Let us first derive the transformation law for creation/annihilation operators. Under a Lorentz transformation, a general state changes as $$U(\Lambda)|p,\lambda\rangle=\sum_{\lambda'}C_{\lambda'\lambda}|\Lambda p,\lambda'\rangle$$

for some matrix $C$. This follows from the fact that the labels $m$ and $s$ come from Lorentz-invariant operators, and $p\rightarrow\Lambda p$ under a Lorentz transformation. On the other hand, $\lambda$ is the label associated to helicity, which is not Lorentz-invariant. States corresponding to a certain $\lambda$ must therefore turn into some linear combination of states corresponding to other $\lambda'$s.

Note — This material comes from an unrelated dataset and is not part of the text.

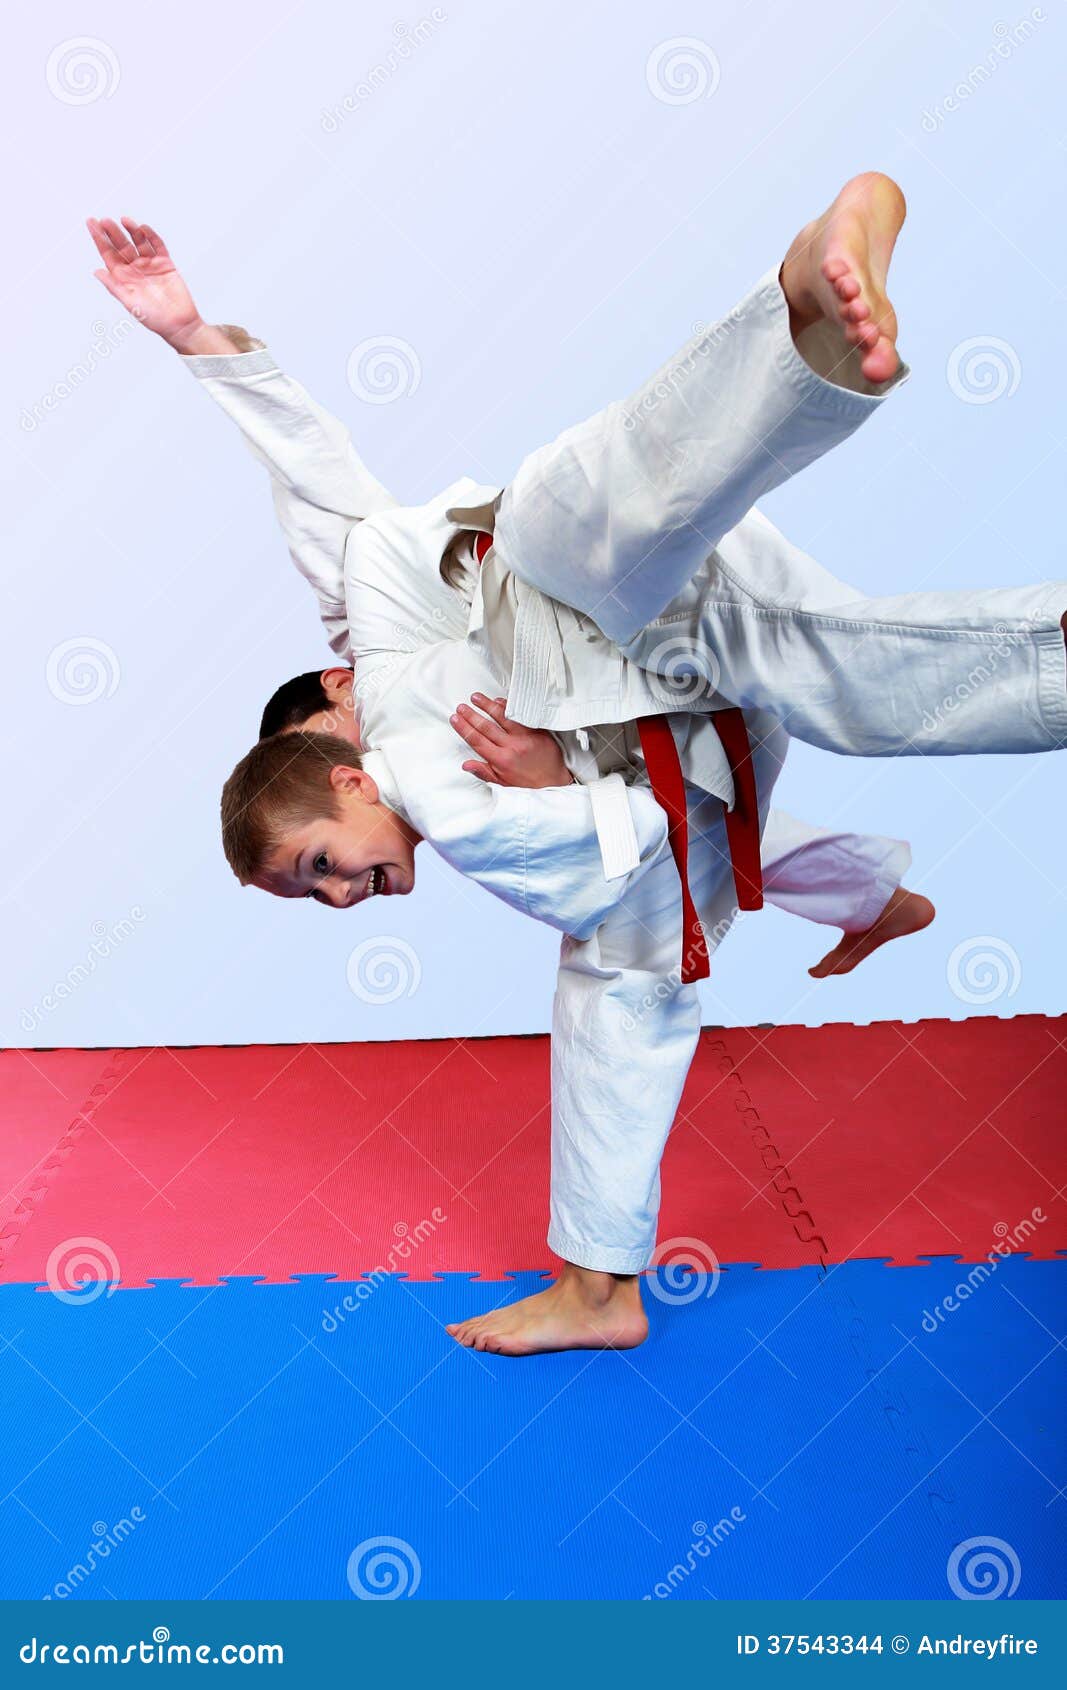 Small Athlete With A White Belt Performs Throw Judo Stock Images

Creation operators satisfy $$a^\dagger(p,\lambda)|0\rangle=\frac{1}{\sqrt{2E_p}}|p,\lambda\rangle,$$

So, under a Lorentz-transformation, we have $$U(\Lambda)a^\dagger(p,\lambda)U(\Lambda)^{-1}U(\Lambda)|0\rangle=\sum_{\lambda'}\sqrt{\frac{E_{\Lambda p}}{E_p}}C_{\lambda'\lambda}a^\dagger(\Lambda p,\lambda')|0\rangle.$$

Since the vacuum is invariant, $U(\Lambda)|0\rangle=|0\rangle$ and we find the transformation law $$U(\Lambda)a^\dagger(p,\lambda)U(\Lambda)^{-1}=\sum_{\lambda'}\sqrt{\frac{E_{\Lambda p}}{E_p}}C_{\lambda'\lambda}a^\dagger(\Lambda p,\lambda').$$

We can express the field in terms of creation/annihilation fields by defining $$\phi_A(x)=\phi_A^+(x)+\phi_A^-(x),$$

where $$\phi_A^+(x)=\sum_\lambda\int\frac{d^3p}{\sqrt{2E_p}}u_A(p,\lambda)a^\dagger(p,\lambda),$$

and similarly for $\phi_A^-(x)$. For simplicity, we will only deal with $\phi_A^+(x)$, since the other one is analogous. By using the transformation law for $a^\dagger$, we find that for the field to transform as $$U(\Lambda)\phi_A(x)U(\Lambda)^{-1}=L_A^{\;\;B}\phi_B(x),$$

the following condition on the coefficient is necessary and sufficient $$\sum_{\lambda'}C_{\lambda'\lambda}^s u_A(p,\lambda')\frac{1}{\sqrt{E_p}}=L_A^{\;\;B}u_B(\Lambda p,\lambda)\frac{1}{\sqrt{E_{\Lambda p}}}.$$

Here, I have added a superscript $s$ to the matrix $C$ to emphasize that, since it rotates the $\lambda$ states into each other, it is a representation of $SU(2)$ that depends on the spin $s$ of the particle we're describing (that is, the particle we have chosen $a^\dagger$ to create).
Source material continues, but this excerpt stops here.